You could for instance use PRP0001 and wire this up on ACPI with only
one trivial change to generic property.h accessor for the boolean.
Or use another firmware information source entirely.
> +Enable ``CONFIG_RAS_ESOURCE_DT`` to build the ``drivers/ras/esource-dt.c``
> +driver and describe the CPER error source buffer with the
> +``Documentation/devicetree/bindings/firmware/arm,ras-ffh.yaml`` binding.
> +The driver reuses the GHES CPER helper object in
> +``drivers/acpi/apei/ghes_cper.c`` so the logging, notifier chains, and
> +memory failure handling match the ACPI GHES behaviour even when
> +ACPI is disabled.
> +
> +Once a platform describes a firmware-first provider, both ACPI GHES and the
> +DeviceTree driver reuse the same code paths. This keeps the behaviour
> +consistent regardless of whether the error source is described via ACPI
> +tables or DeviceTree.
> diff --git a/drivers/ras/Kconfig b/drivers/ras/Kconfig
> index fc4f4bb94a4c..ea6d96713020 100644
> --- a/drivers/ras/Kconfig
> +++ b/drivers/ras/Kconfig
> @@ -34,6 +34,18 @@ if RAS
> source "arch/x86/ras/Kconfig"
> source "drivers/ras/amd/atl/Kconfig"
>
> +config RAS_ESOURCE_DT
> + bool "DeviceTree firmware-first CPER error source block provider"
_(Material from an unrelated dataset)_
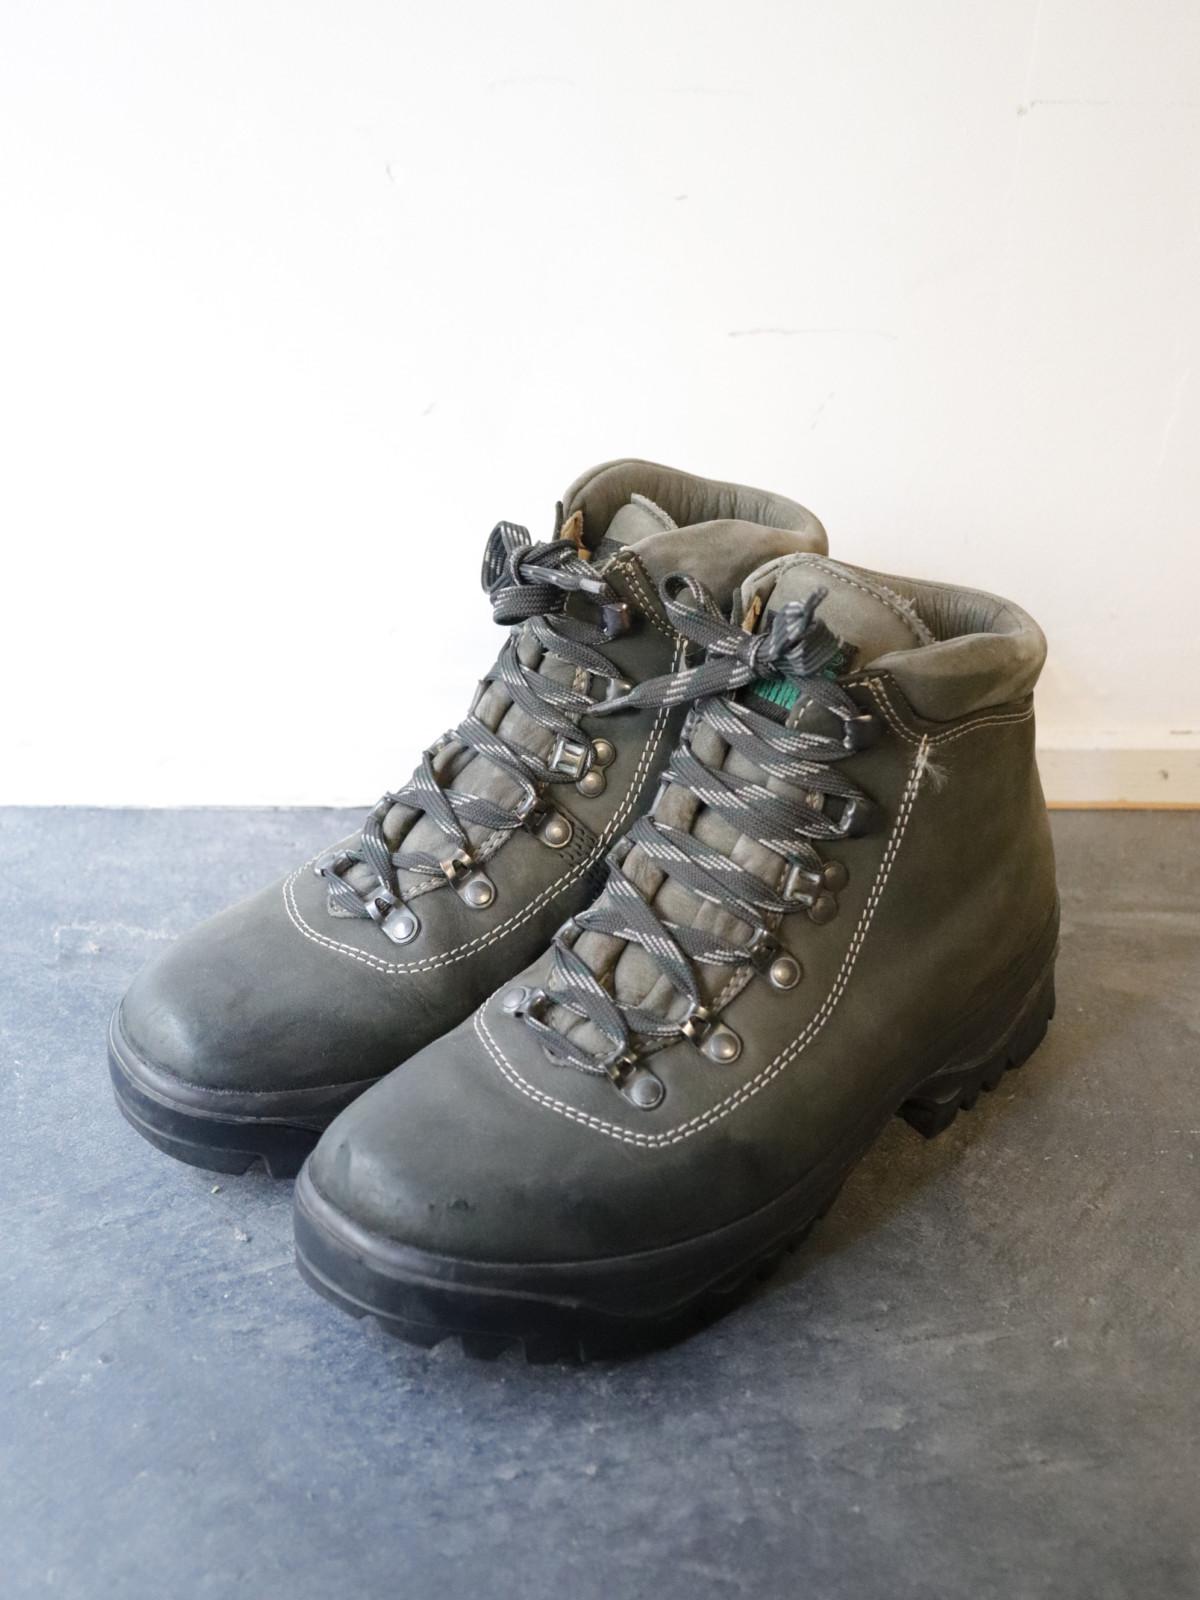 LIMMER,camp boots,Germany,vintage

It isn't really DT specific other than one call that I've suggested you
replace with a generic firmware accessor.
> + depends on OF
Generally we don't gate on OF unless there are OF specific calls. Here there
aren't so you are just reducing build coverage. || COMPILE_TEST
maybe.
> + depends on ARM64
Likewise, nothing in here is arm64 specific that I can spot.
> + select GHES_CPER_HELPERS
> + help
> + Enable support for firmware-first Common Platform Error Record (CPER)
> + error source block providers that are described via DeviceTree
> + instead of ACPI HEST tables. The driver reuses the existing GHES
> + CPER helpers so the error processing matches the ACPI code paths,
> + but it can be built even when ACPI is disabled.
> +
> diff --git a/drivers/ras/esource-dt.c b/drivers/ras/esource-dt.c
> new file mode 100644
> index 000000000000..b575a2258536
> --- /dev/null
> +++ b/drivers/ras/esource-dt.c
> @@ -0,0 +1,264 @@
> +// SPDX-License-Identifier: GPL-2.0-only
> +/*
> + * DeviceTree provider for firmware-first CPER error source block.
> + *
> + * This driver shares the GHES CPER helpers so we keep the reporting and
> + * notifier behaviour identical to ACPI GHES
> + *
> + * Copyright (C) 2025 ARM Ltd.
> + * Author: Ahmed Tiba <ahmed.tiba at arm.com>
> + */
> +
> +#include <linux/atomic.h>
> +#include <linux/bitops.h>
> +#include <linux/device.h>
> +#include <linux/interrupt.h>
> +#include <linux/io.h>
> +#include <linux/io-64-nonatomic-lo-hi.h>
Used?
> +#include <linux/module.h>
mod_devicetable.h for of_device_id definition.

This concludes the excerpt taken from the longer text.